|Title||Technique for eliminating irrelevant terms in term rewriting for annotated media retrieval|
|Publication Type||Conference Paper|
|Year of Publication||2001|
|Authors||Park, YC, Kim, PK, Golshani, F, Panchanathan, S|
|Conference Name||Proceedings of the ninth ACM international conference on Multimedia|
|Conference Location||New York, NY, USA|
In this paper, we present an efficient term rewriting technique that computes a degree of term to domain relevance. The proposed method resolves the problems in ontology integrated concept search.
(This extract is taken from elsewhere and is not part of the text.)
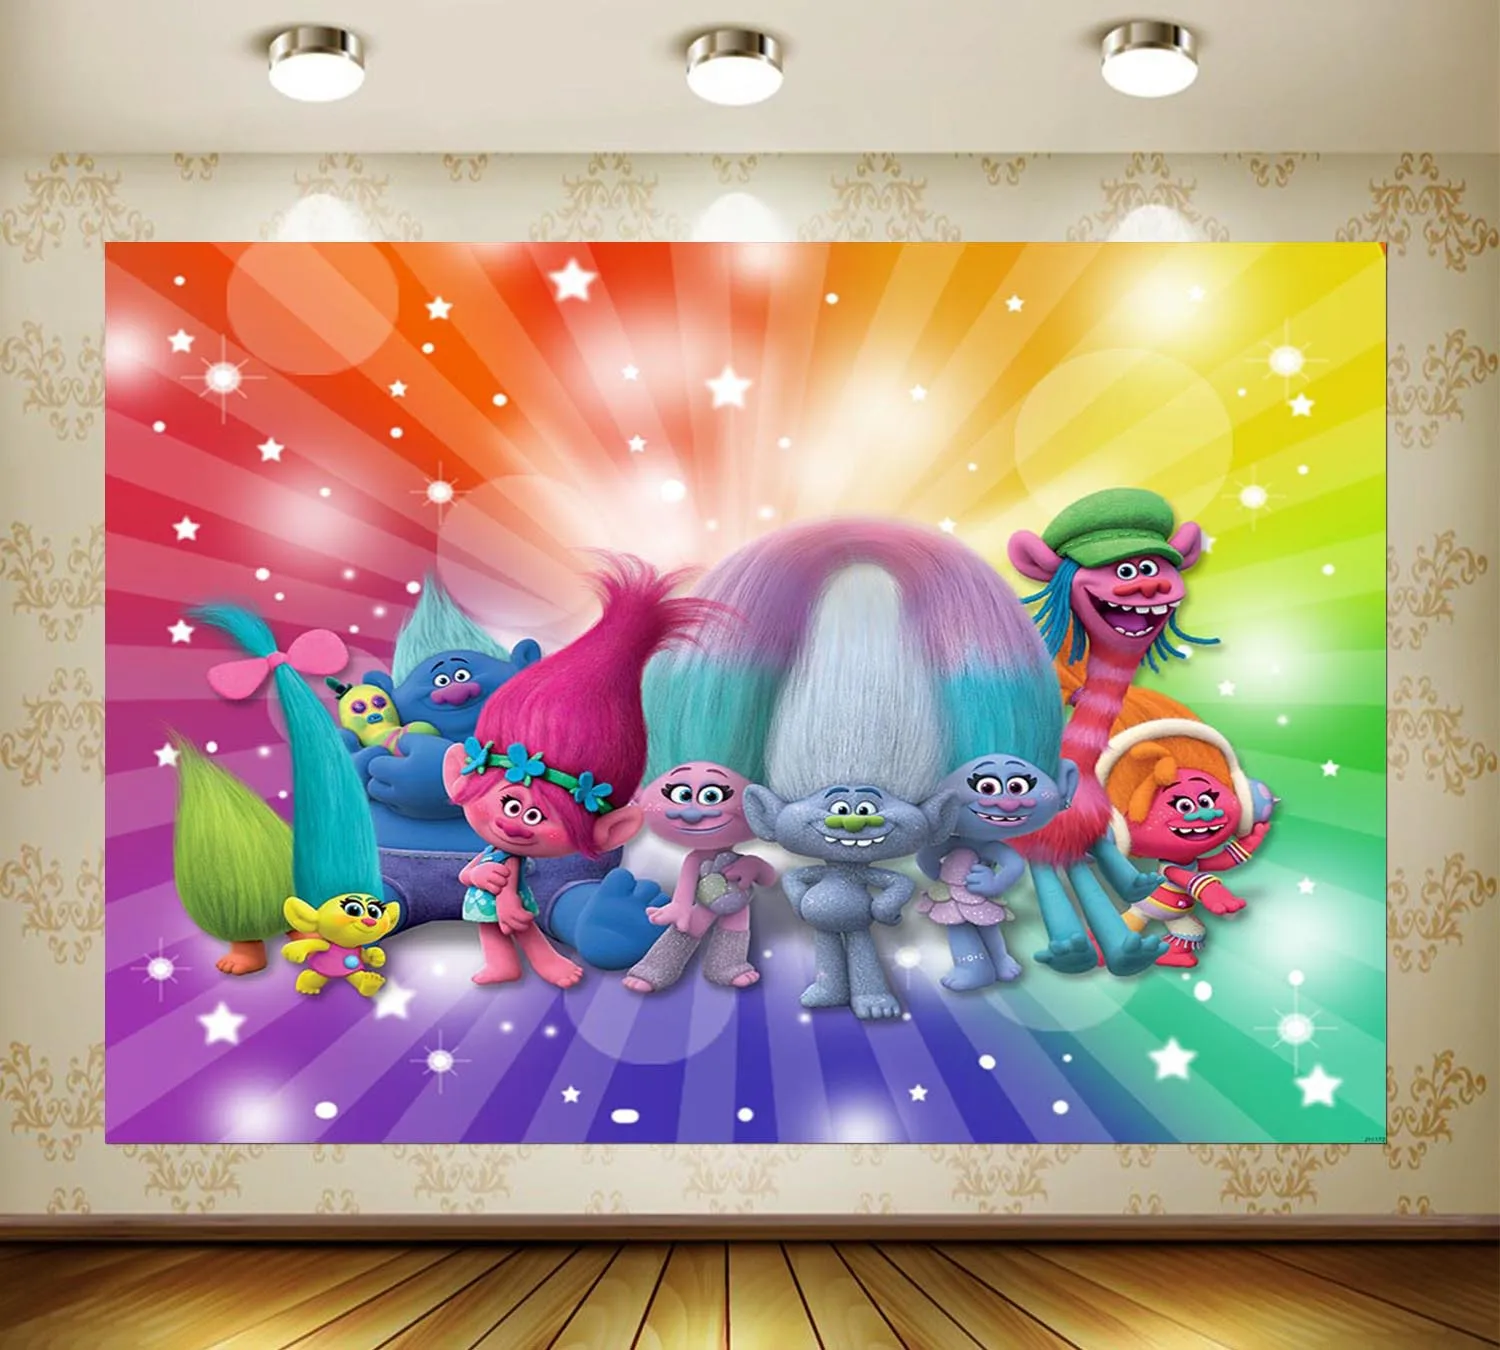 Trolls Background Party Supplies Child Faovr Elves family Birthday Table Decoration Photography Photo Backdrop Kids Vinyl Banner

Those problems are (i) Pre-defined concept classes in ontology are not relevant to users (no proper concept class for a target annotation has not found). (ii) Too many similar concept classes are provided to a user therefore, a user may fail to choose a correct semantic class for a target annotation (ordinary users are not an expert in concept classification). The method uses sense disambiguation task for finding relevant terms for a given domain. Sense disambiguation requires term-to-term similarity measurement and term frequency measurement. For fair modeling of not observed term frequencies, discounting and redistribution model is applied. The proposed method is a compliment to our previous work presented in . Robustness of our method is demonstrated through human judgment test that shows our method allows prediction of precise term list (overall 75% of correct prediction) that are relevant to a given domain.